Mammoth Yosemite Airport  is a town-owned public airport seven miles east of Mammoth Lakes, in Mono County, California, United States. Also known as Mammoth Lakes Airport or Mammoth–June Lake Airport, it is mainly used for general aviation, but has scheduled passenger flights operated by one airline which primarily serves the airport on a seasonal basis during the winter ski season.  Additional scheduled passenger service for the Mammoth area is seasonally available at the nearby Eastern Sierra Regional Airport located in Bishop, CA.

The airport had 665 passenger boardings (enplanements) in calendar year 2008, 6,157 enplanements in 2009, and 19,814 in 2010. The National Plan of Integrated Airport Systems for 2011–2015 categorized it as a general aviation airport.  However, the report for 2015-2019 upgraded this status to that of a primary/non-hub commercial airport.

Facilities
The airport covers 230 acres (93 ha) at an elevation of 7,135 feet (2,175 m).
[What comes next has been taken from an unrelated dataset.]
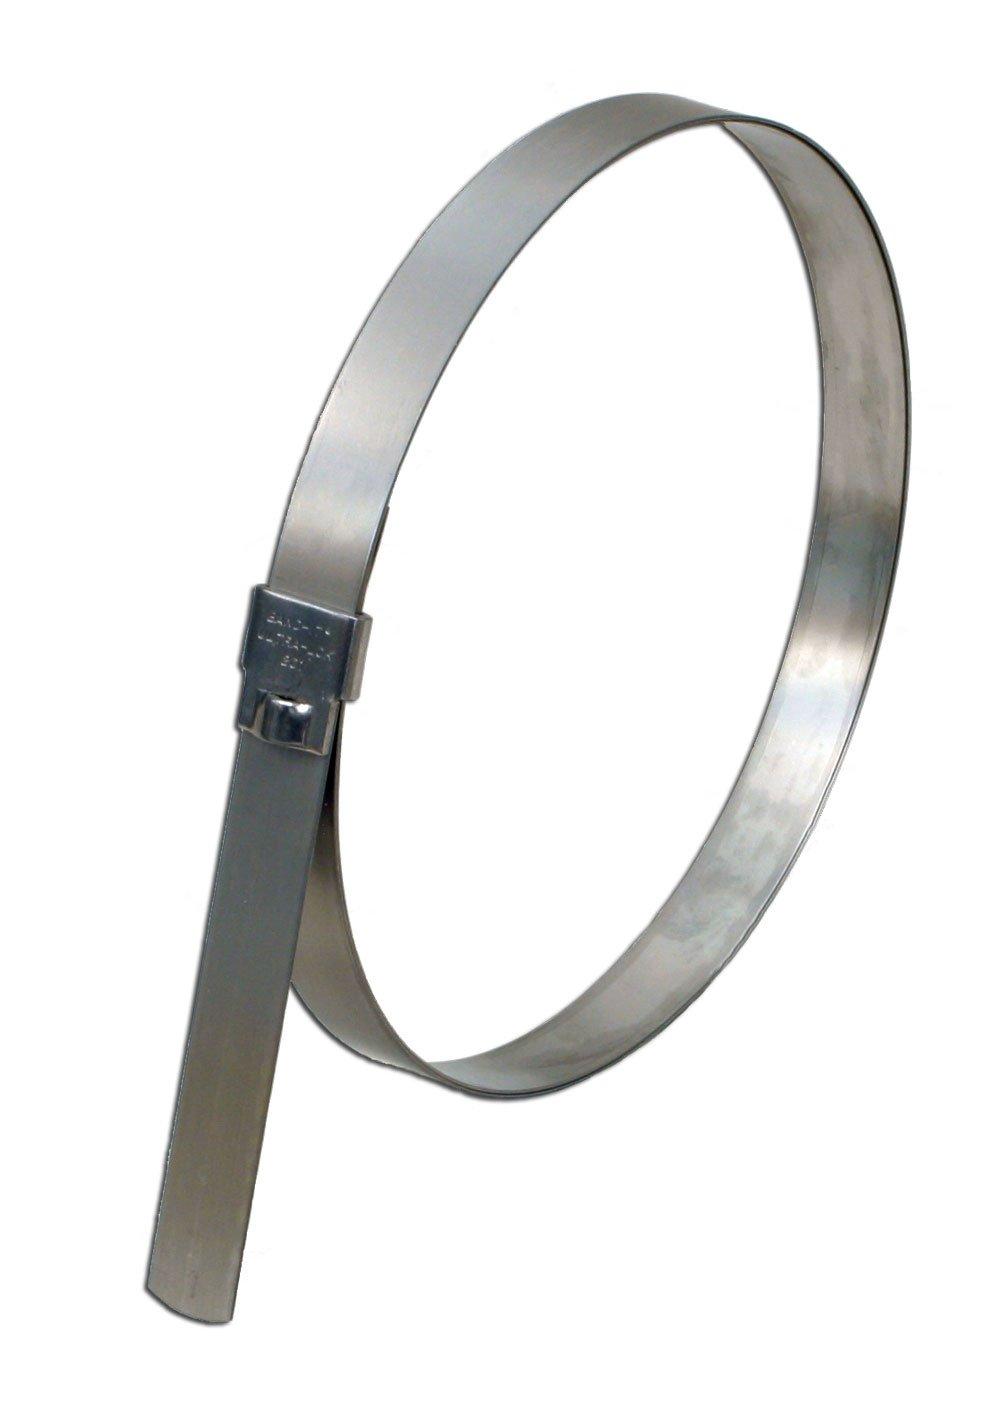 7 Diameter 7 Diameter BAND-IT UL2189 Ultra-Lok 3//4 Wide x 0.030 Thick 25 per box 201 1//4 Hard Stainless Steel Preformed Clamp

Its one runway, 9/27, is 7,000 by 100 feet (2,134 x 30 m) asphalt.

In 2010 the airport had 8,285 aircraft operations, average 22 per day: 68% general aviation, 20% air taxi, 12% airline, and <1% military. Three aircraft were then based at this airport, all single-engine.

Mammoth Yosemite Airport has a terminal development master plan that will expand operations, and will be able to accommodate bigger aircraft. The new terminal facilities will include a new terminal building itself, airline parking apron, a deicing apron, access roads, automobile parking facilities, maintenance facilities, and airport offices.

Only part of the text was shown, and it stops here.